## DATA EXCERPT
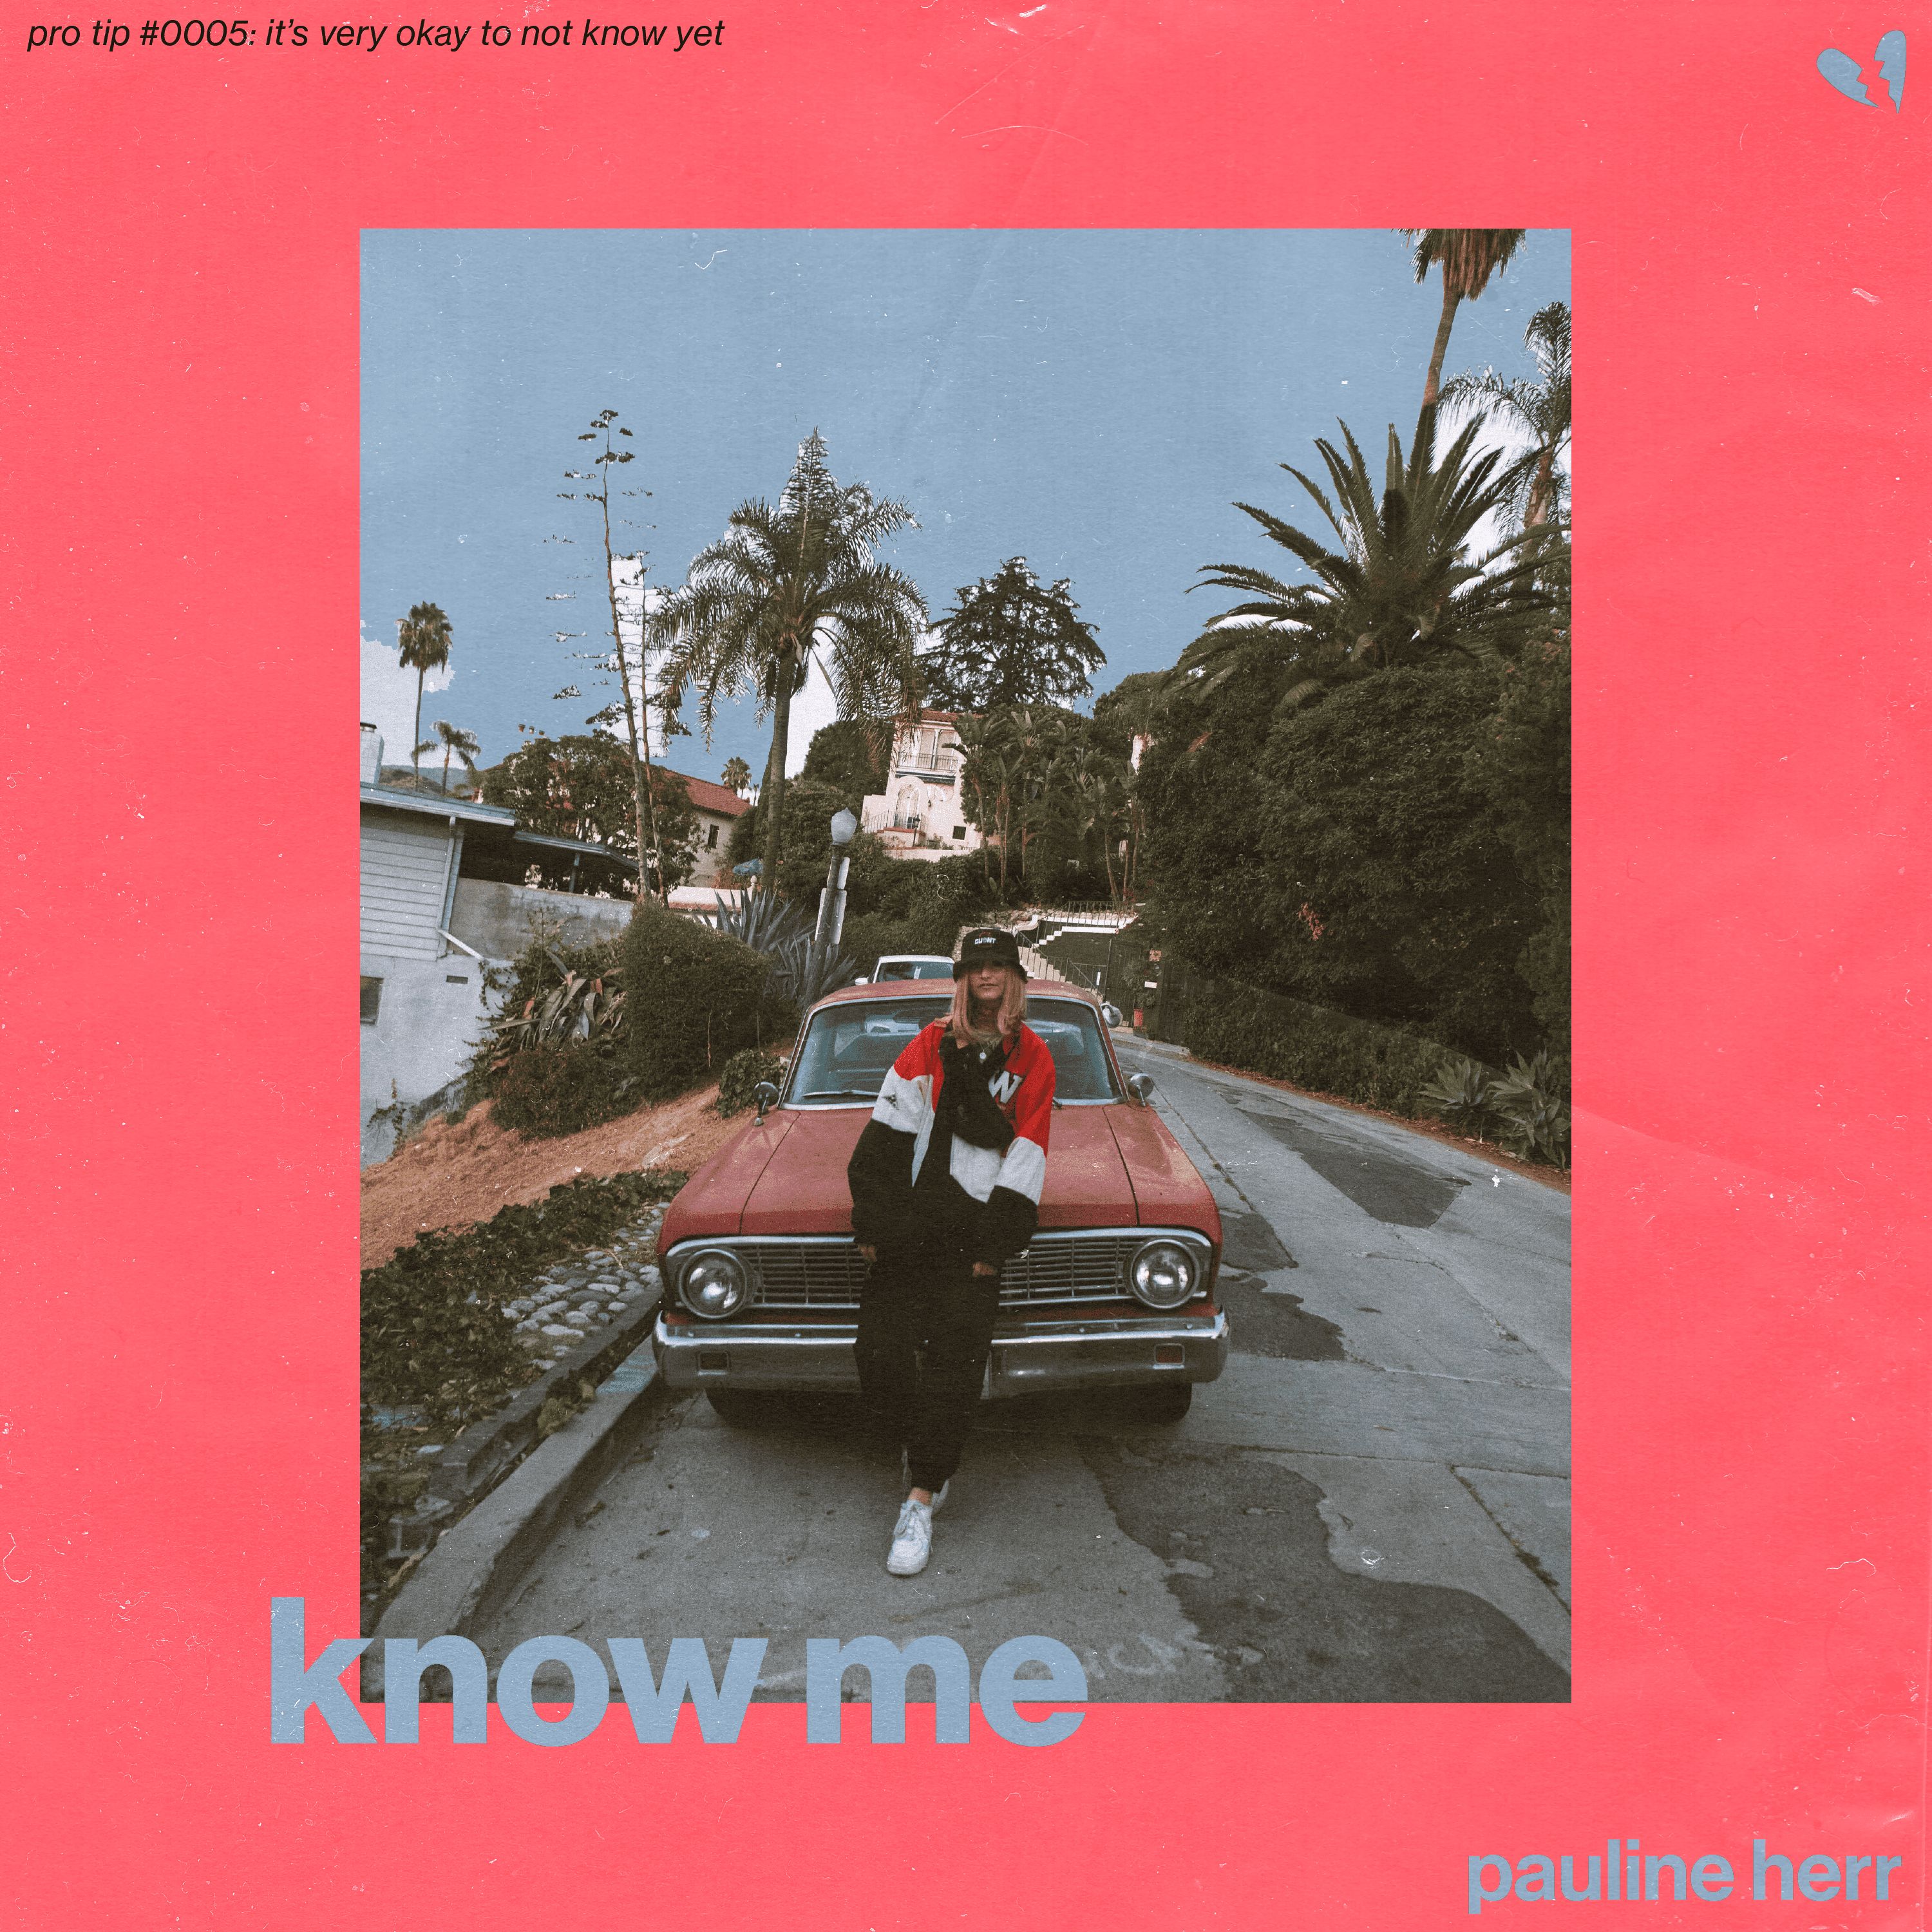 Cover art for Pauline Herr ｡･:*:･ﾟ☆'s song: Know Me
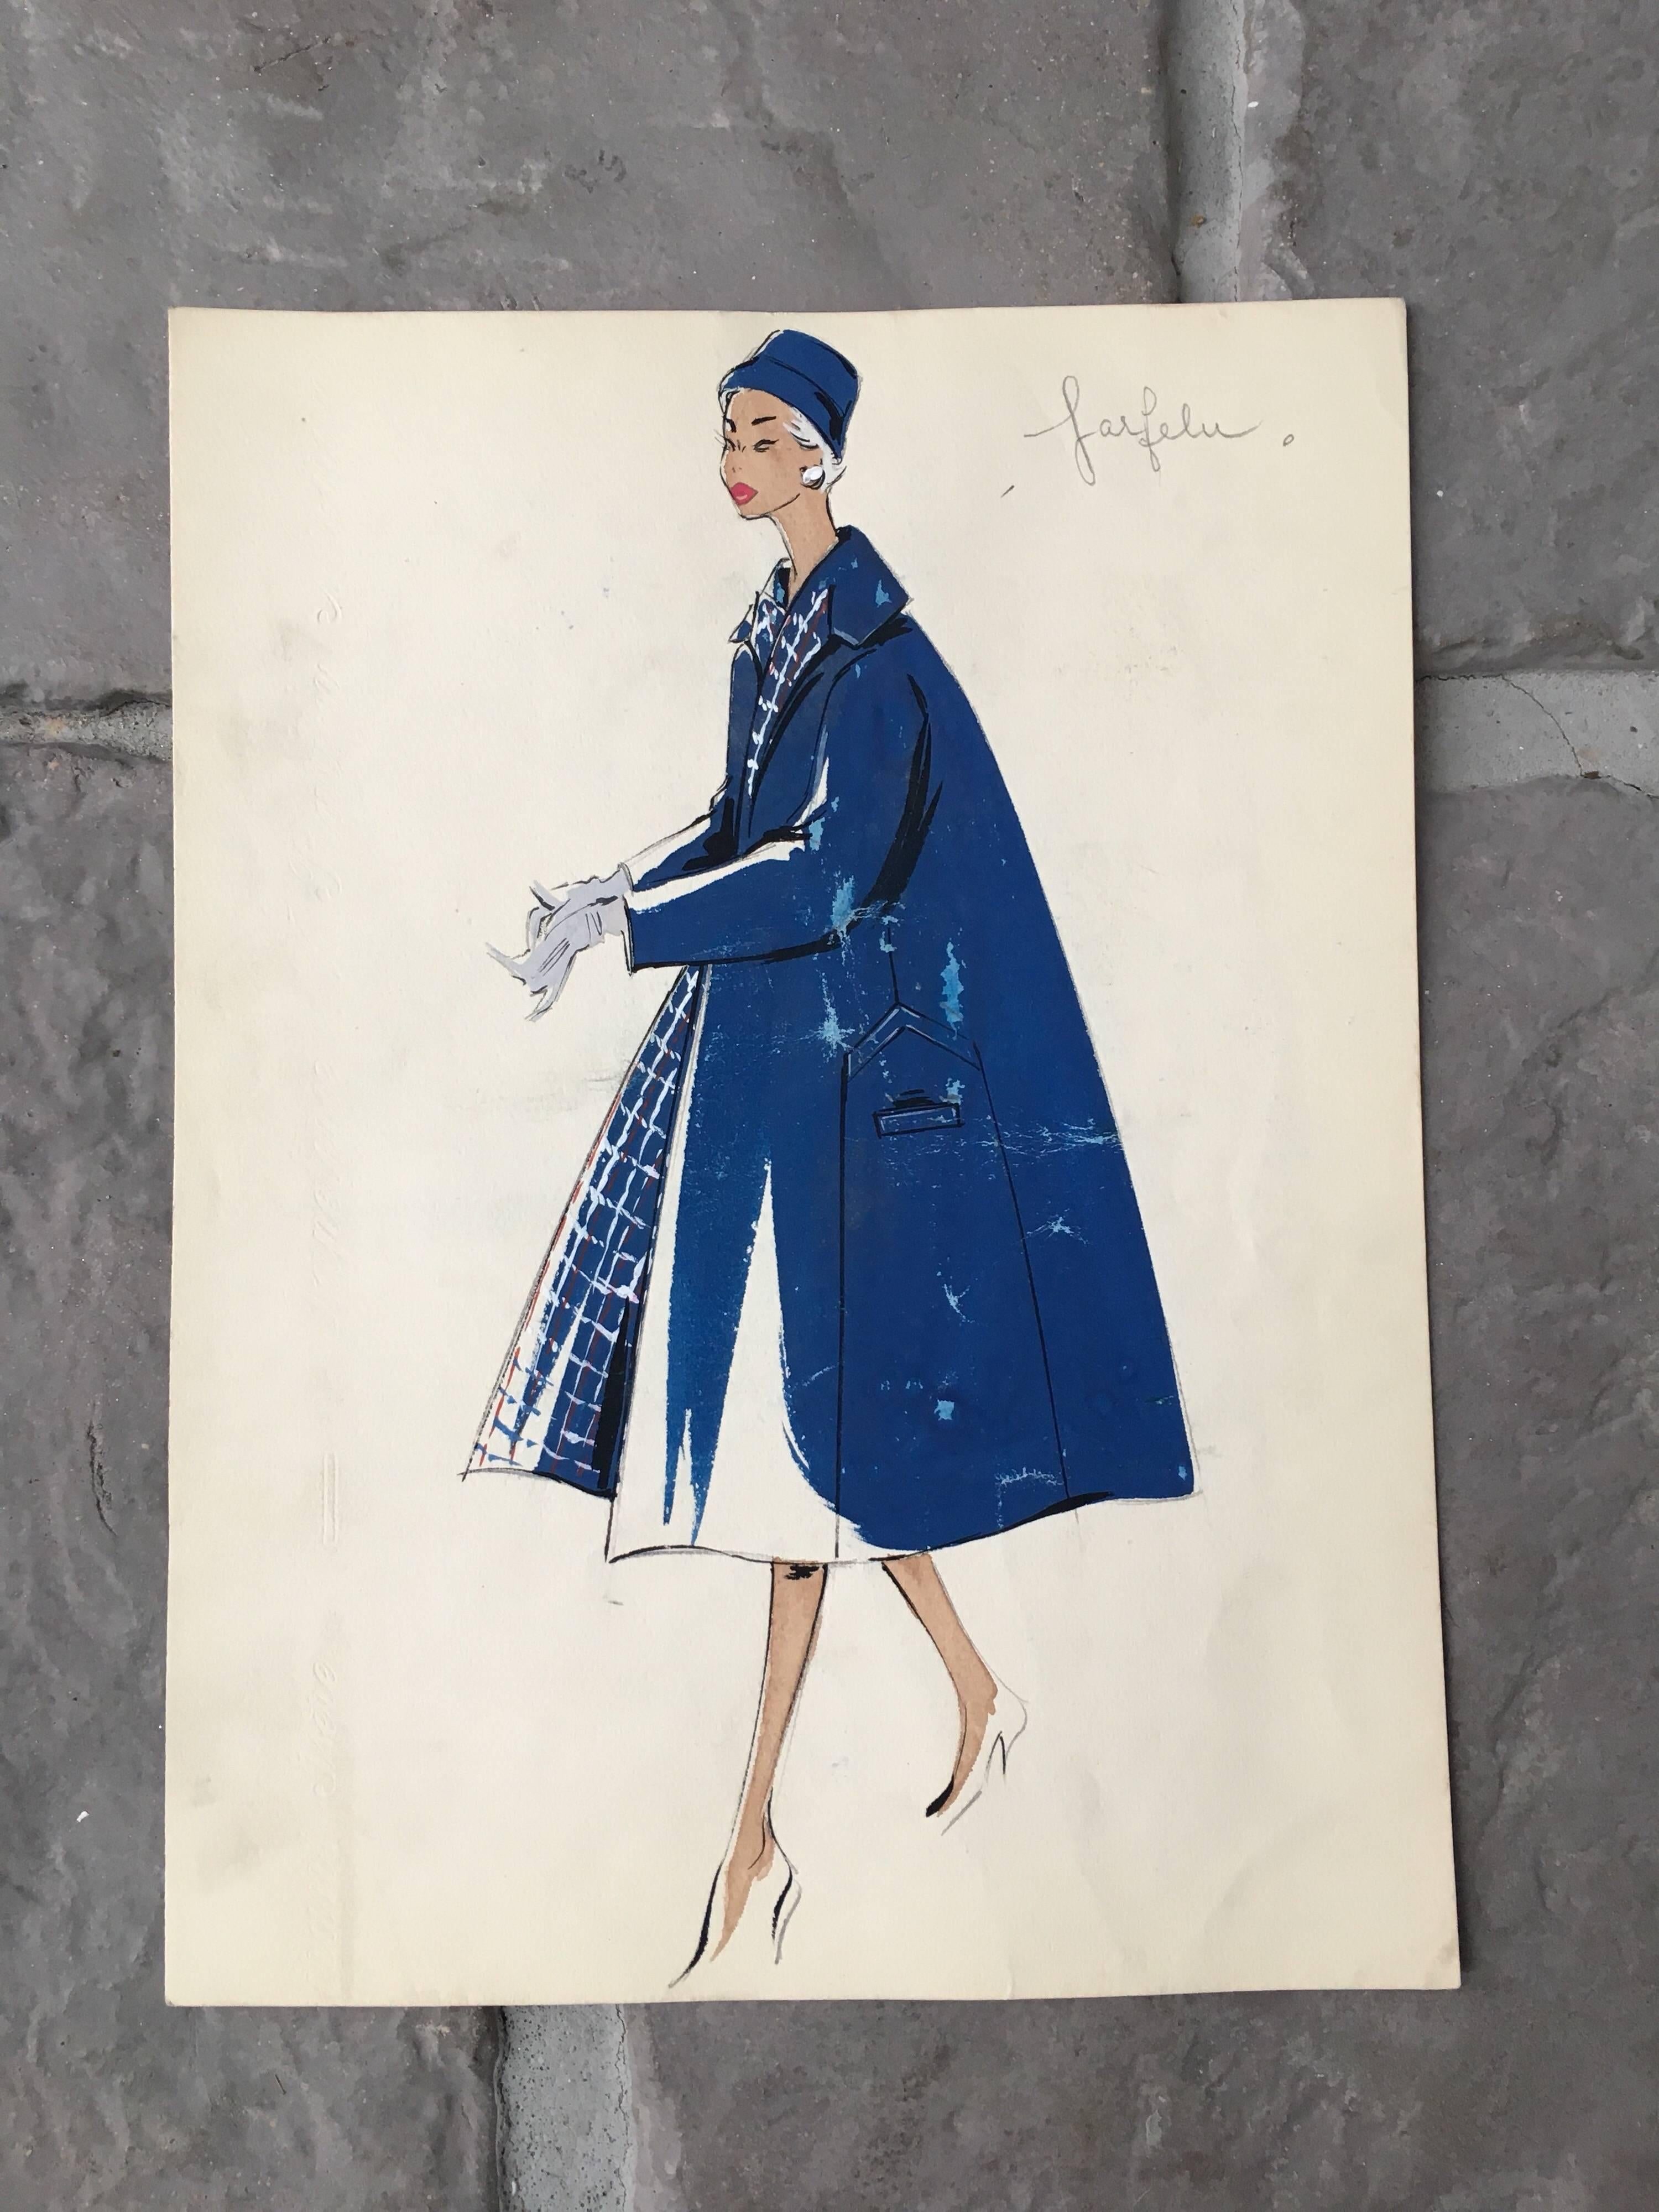 Lady in 1950's Blue Coat and Hat Coat Parisian Fashion Illustration Sketch - Painting by Unknown
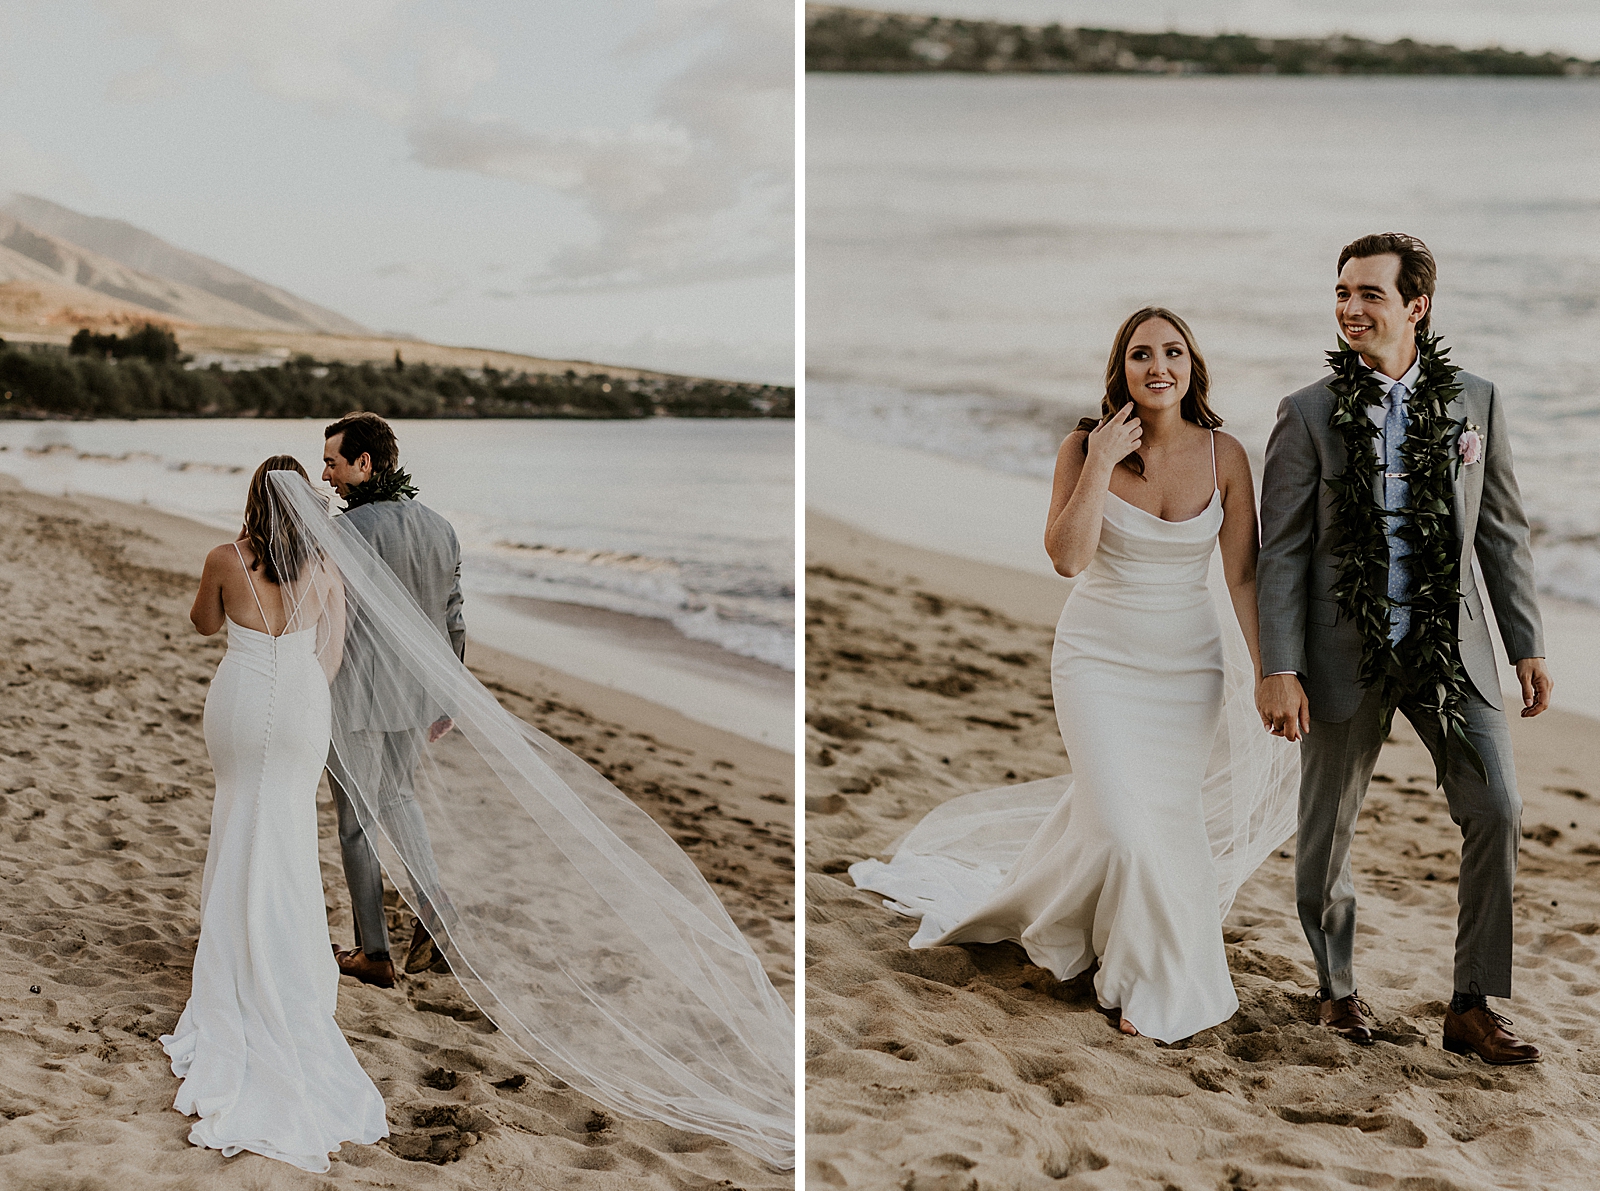 Bride and Groom holding hands and walking by the ocean shoreline

## TASK REQUIREMENTS
The lines to copy run from the one with "Lady in 1950's" through the end of the material. Write them out exactly, leaving out the pictures.

## SOLVED EXERCISE
 Lady in 1950's Blue Coat and Hat Coat Parisian Fashion Illustration Sketch - Painting by Unknown
 Bride and Groom holding hands and walking by the ocean shoreline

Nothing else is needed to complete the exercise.